DAILY NEWS

Up Close examines legacy of ceasefires 25 years on

It will be 25 years today 31 August since the IRA announced its ceasefire. Six weeks later, the Combined Loyalist Military Command also said it was ending its campaign of terror.

To mark what was a major milestone in our history, Niall Donnelly presents a special Up Close programme on UTV.

In it, Niall speaks to many of the protagonists on both sides who played key roles in getting peace over the line. Among them are the former Church of Ireland Archbishop of Armagh Dr Robin Eames, former UVF prisoner Billy Hutchinson, and former IRA prisoners Gerry Kelly and Tommy McKearney.

Also interviewed are the former advisor to three Irish Prime Ministers Martin Mansergh, and the historian Dr Eamon Phoenix.

Remembering the day the IRA ceasefire was announced, Danny Morrison tells Niall: “I just went back to my cell and I just cried, I wept for all the people who had died, for all the people who had lost their lives and been injured, for all those families.

“I wished it had never happened.”

The months leading up to the ceasefires were some of the bloodiest of The Troubles and included atrocities like the IRA slaughter on the Shankill and the UVF murders at the Heights Bar in Loughinisland.

Billy Hutchinson recalls how, at times, he thought they may not happen.

However, he pays tribute to one of the founders of the UVF Gusty Spence. Spence read the loyalist ceasefire announcement.

“Gusty was a wordsmith,” he said. “He was also a key figure in a sense that quite a lot of people respected him.

“So therefore, yeah, he was, he was key in terms of getting the statement right and also working with others to make sure the wording of it was right.
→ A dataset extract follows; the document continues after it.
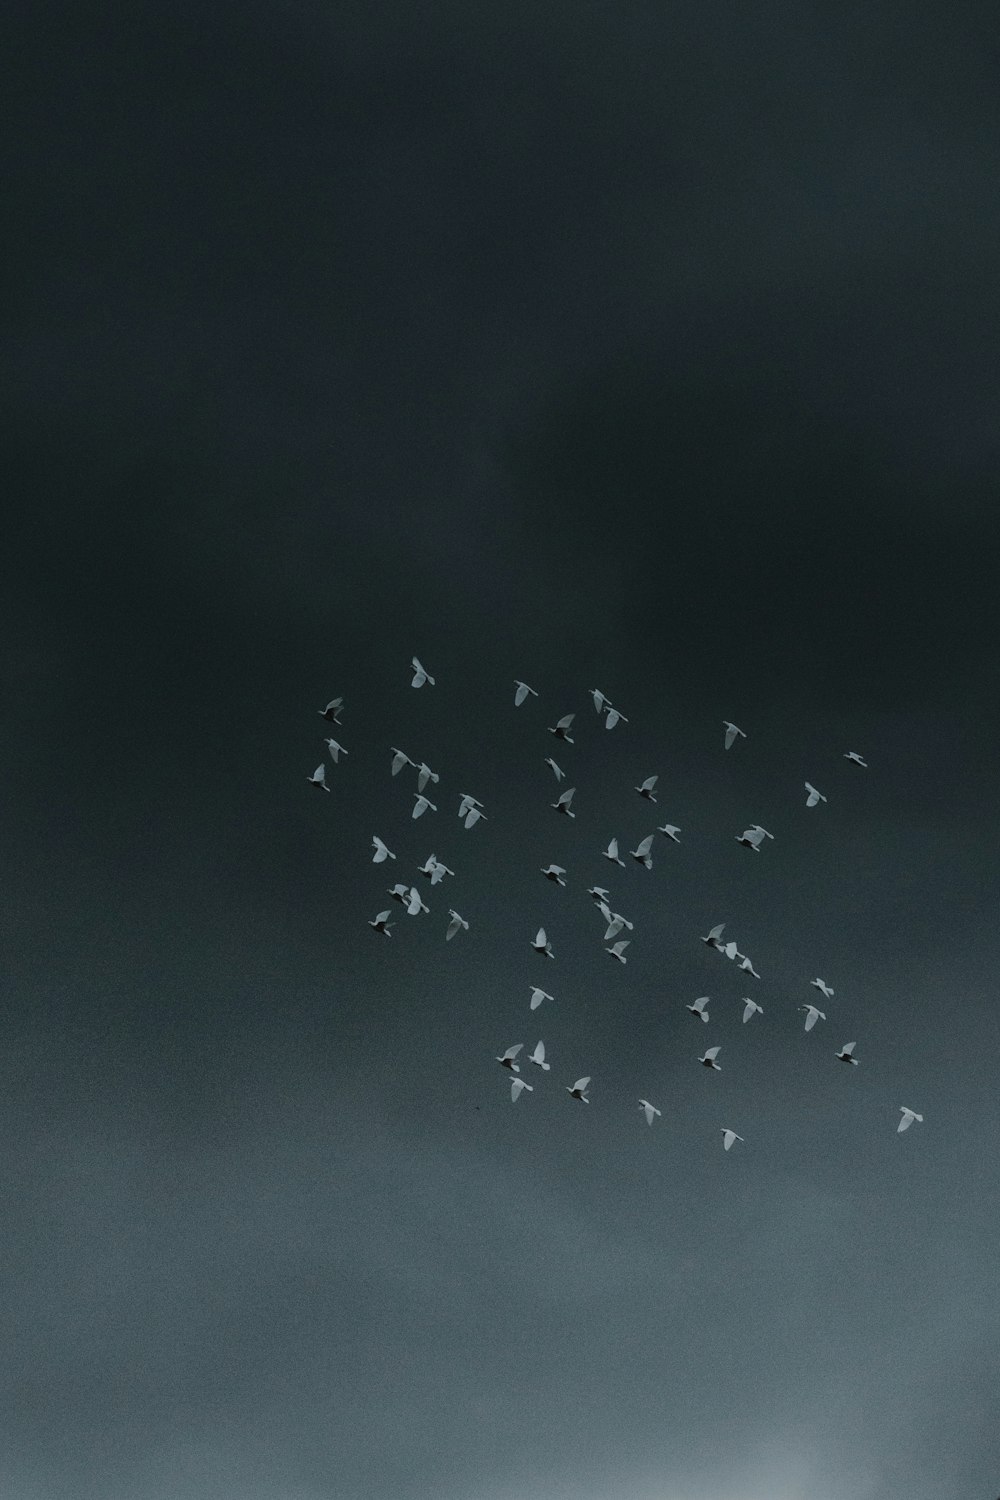 flock of birds flying under dark sky

“And then he had to convince people who wanted to change things, irrespective of which organisation they were from.”

The ceasefires came months after the signing of the Downing Street Declaration.
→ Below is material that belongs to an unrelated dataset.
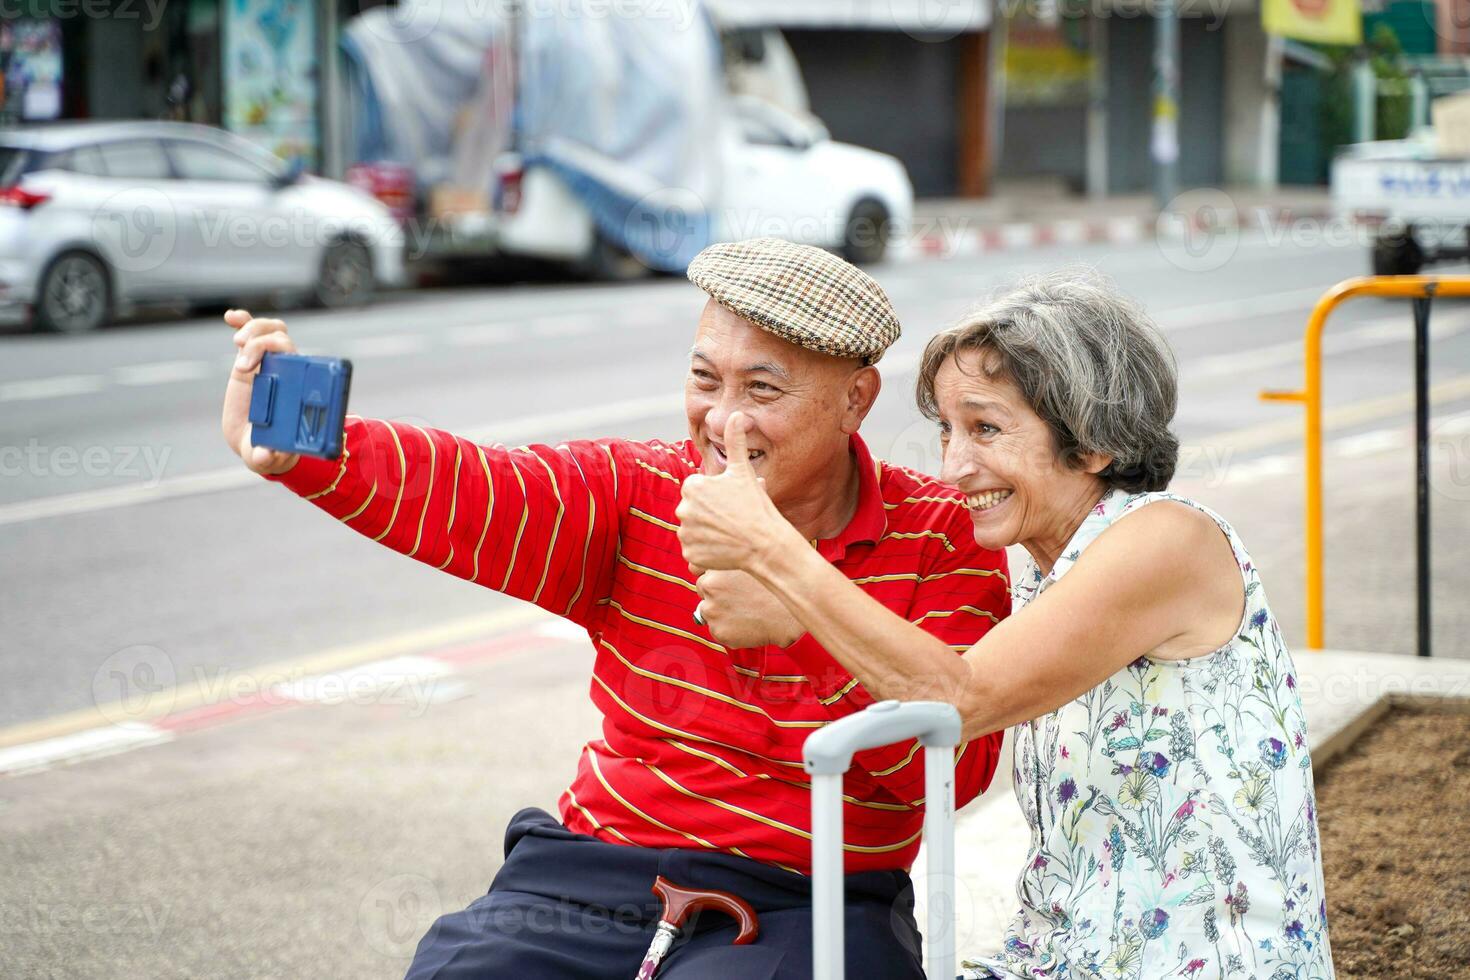 mayor chino turista con su amigo europeo poses contento pulgares arriba y tomar un foto selfie en borroso de ciudad antecedentes.

Archbishop Robin Eames helped draft some of the paragraphs in it – and, crucially, he met with loyalist paramilitary leaders at his residence in Armagh urging them to end their campaign.

Presbyterian minister the Reverend Roy Magee helped facilitate those discussions, as Dr Eames recalls.

“The loyalist paramilitary overlords came to Armagh with Roy and they talked to me about the length of time it had taken the IRA ceasefire and what the thinking was in their ranks,” he says.

“Now they had heard plenty of condemnations from me from pulpits and so it was a strange feeling meeting them face to face.

“And I said there were certain assurances I needed before I would go any further in talking to them. One was that they would be truthful with what they were intending to do.

“Secondly, that if they did decide to call it off, they would have to express in some way regret for the lives of people who had been taken and for the lives of injuries and hurt.

“And then they said to me ‘we need assurances from the British Government that, in fact, there is nothing that would trap us if we were to announce a ceasefire, that there’s no private agreement with Republicanism, anything like that’.

“I said to them that I would be prepared, if I was assured that they were playing clean with me, that I would try to get the answers to those questions.”

Niall Donnelly’s first report on UTV was to gather reaction to the loyalist ceasefire announcement on the Shankill Road.

He recalls those weeks as a time of great hope – hope, that now, has gone.

The historian Dr Eamon Phoenix agrees that the day the IRA announced an end to their violence was one of great hope.

Twenty-five years on he feels that despite what he calls “the political shenanigans”, things are much better than they used to be.

And he’s relieved that the paramilitaries have only minimal support.

“No one wants to go back to the killing fields of the 1970s and the 1980s – people know what that’s like,” he says.

“It’s conveying that to a new generation because no one, as you know, under the age of 40, remembers The Troubles.

“We have to remind them how awful it was.”